The information that the computing system 100 inputs into the prediction model 300 is data based on subscription information, status information, and action information of each user as described above, and subscription information, status information, and action information of each user may explain most situations that may occur in the game. In other words, how users came in, when and how many actions they took, and what their status was at the time of those actions may be reflected in the LTV prediction through subscription information, status information, and action information of each user. In addition, it is possible to capture what actions were taken and how they were performed through five classifications (base, social, pop-up, click, enter).

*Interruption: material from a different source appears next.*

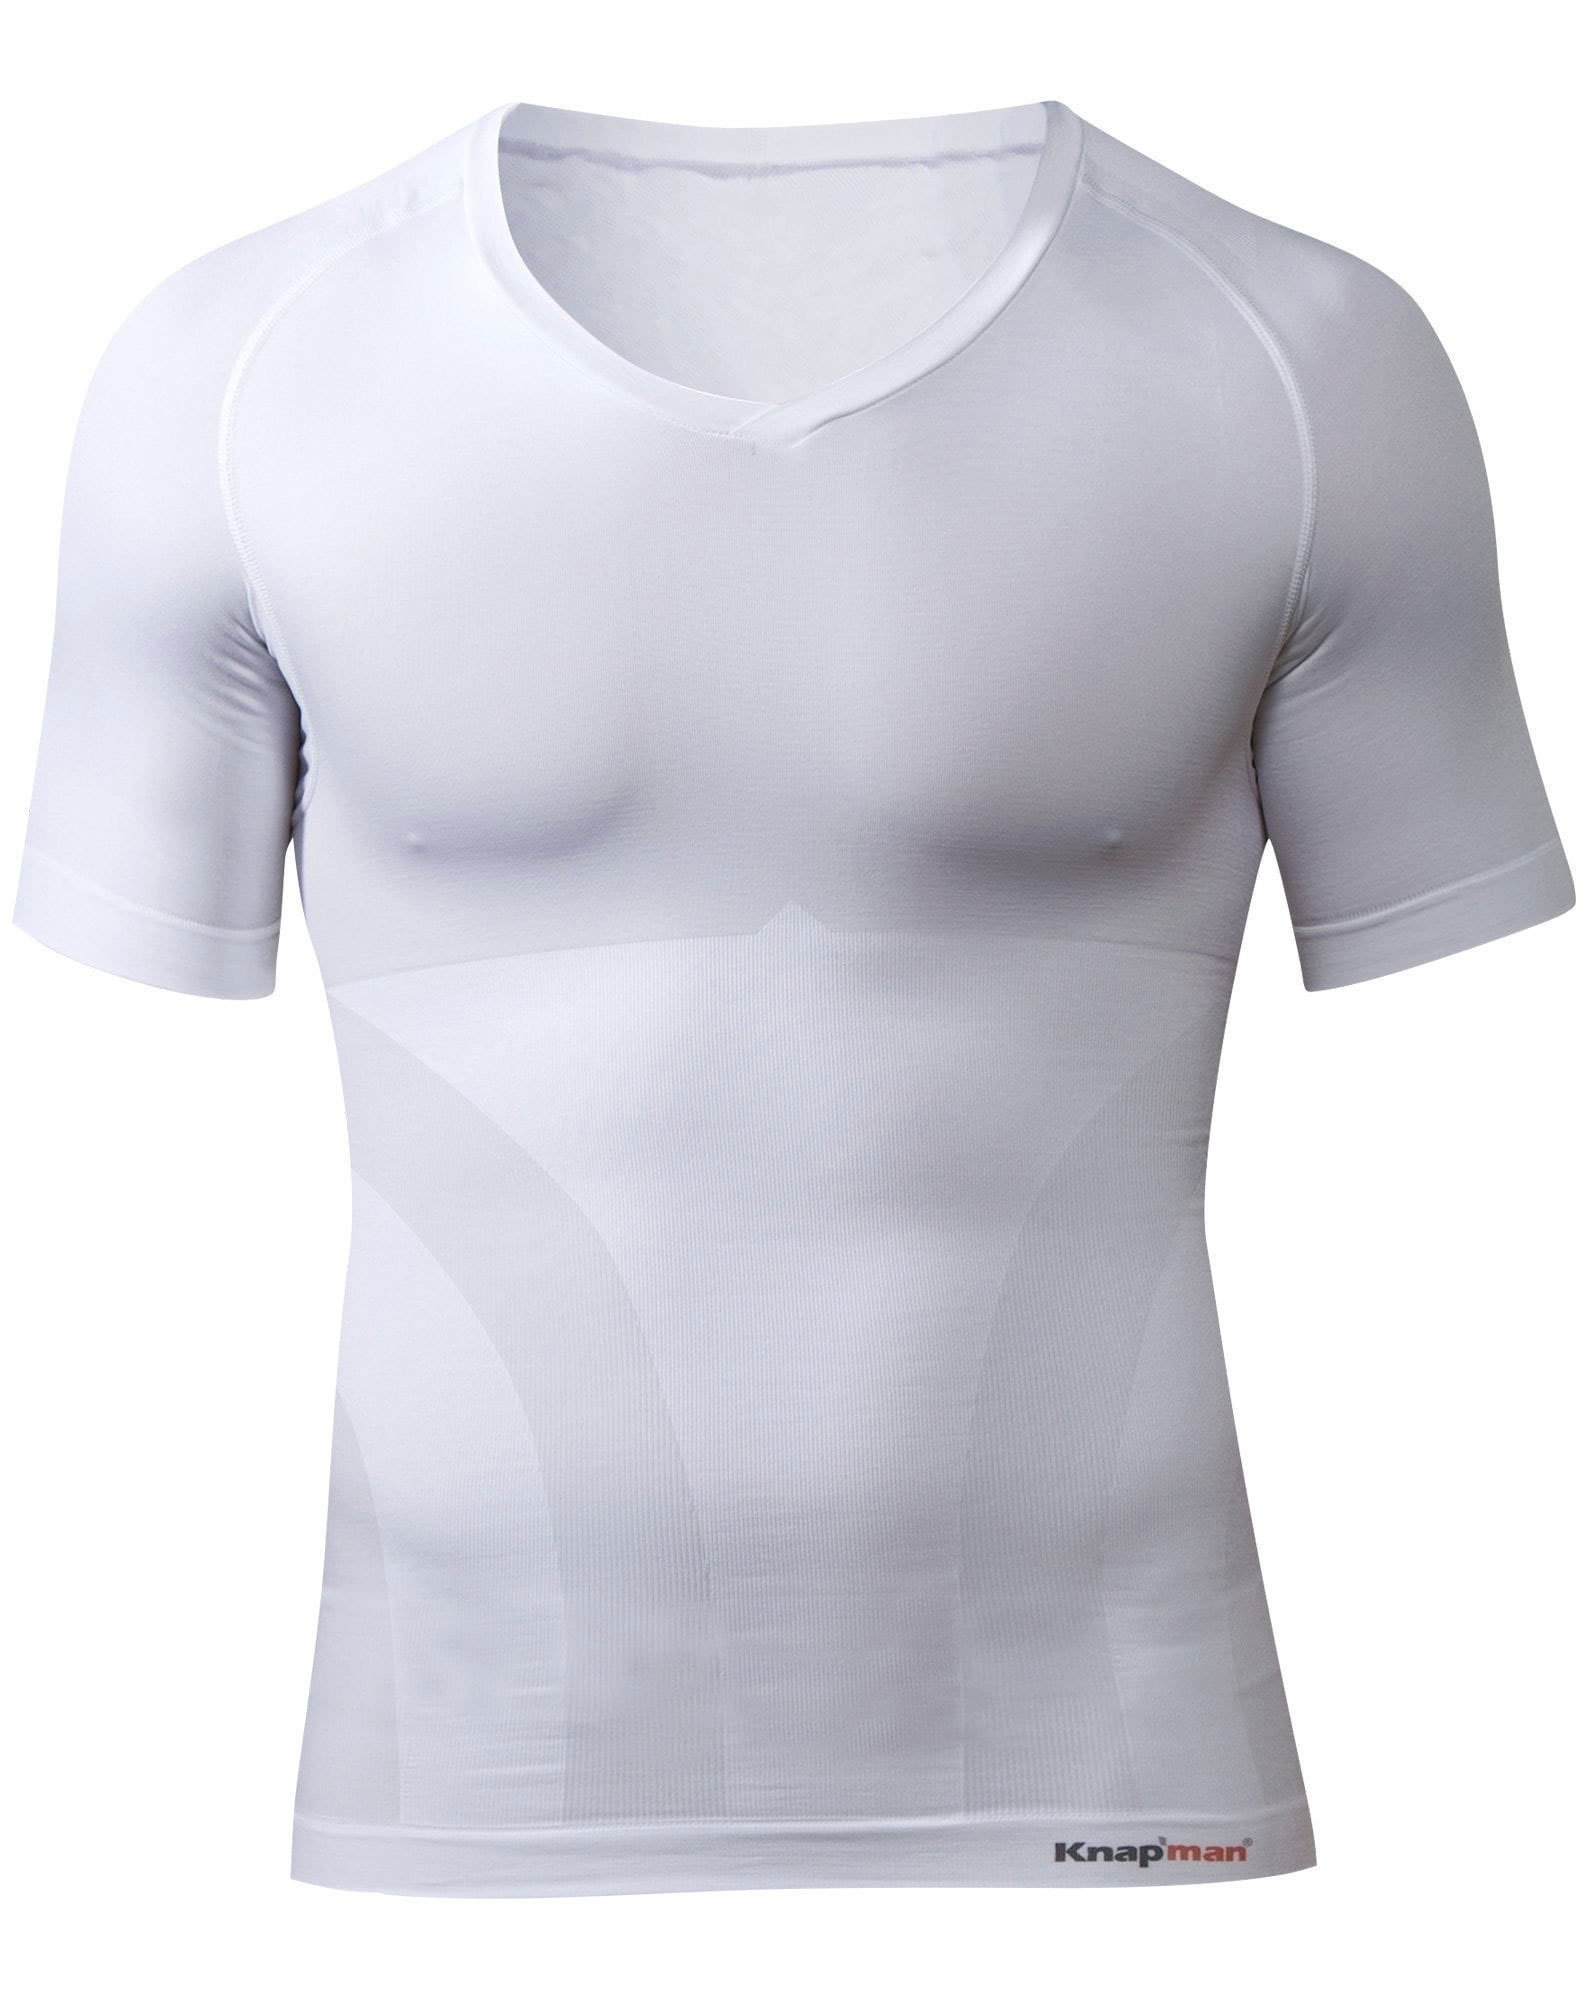 Knap'man Zoned Cotton Comfort V-hals shirt wit

In other words, numerous information generated by users may be standardized into a designated format and easily used for model training and LTV prediction.
Meanwhile, the training module 140 may input training data corresponding to each of a plurality of users to be trained into the prediction model 300 to train the prediction model.
The plurality of users to be trained may be all users who have played the mobile F2P game, or may be a portion of them according to embodiments. In most mobile games, a significant number of users tend to leave within a short period of time. Therefore, in order to improve model prediction performance, among inactive users, those who are determined not to have even started playing the game in earnest may be removed and the remaining users may be determined as users to be trained. For example, the computing system 100 may determine that a user with more than 100 slot spins by 7 days after subscription is a user to be trained.
The training data corresponding to the user to be trained includes data on subscription information of the user to be trained, latest data on status information of the user to be trained, time-series data on the status information of the user to be trained, and time-series data on action information of the user to be trained, and LTV of the user to be trained is used as a prediction value of the prediction model,
According to embodiments, the data on the subscription information of the user to be trained, the latest data on the status information of the user to be trained, the time-series data on the status information of the user to be trained, and the time-series data on the action information of the user to be trained may be the subscription information of the user to be trained, the latest status information of the user to be trained, the series status information of the user to be trained, the time-series action information of the user to be trained itself, respectively, but may be preprocessed data thereof in other embodiments. In the latter case, the preprocessing module 130 may be responsible for preprocessing each information. The preprocessing module 130 may include a LabelEncoder and a StandardScaler. A LabelEncoder refers to a preprocessor that converts categorical data into a numeric type, and a StandardScaler refers to a preprocessor that makes numeric data have a normal distribution with a mean of 0 and variance of 1.
According to embodiments, the LabelEncoder and StandardScaler may be implemented as included in the prediction model 300.
In addition, time-series data refers to a series of data acquired and combined at predetermined intervals (e.g., 6 hours, 1 hour, 10 minutes, etc.) over a predetermined period of time (e.g., from the time of subscription to 1 day, 1 week, until the present, etc.), and latest data refers to the most recently acquired data among the acquired time-series data.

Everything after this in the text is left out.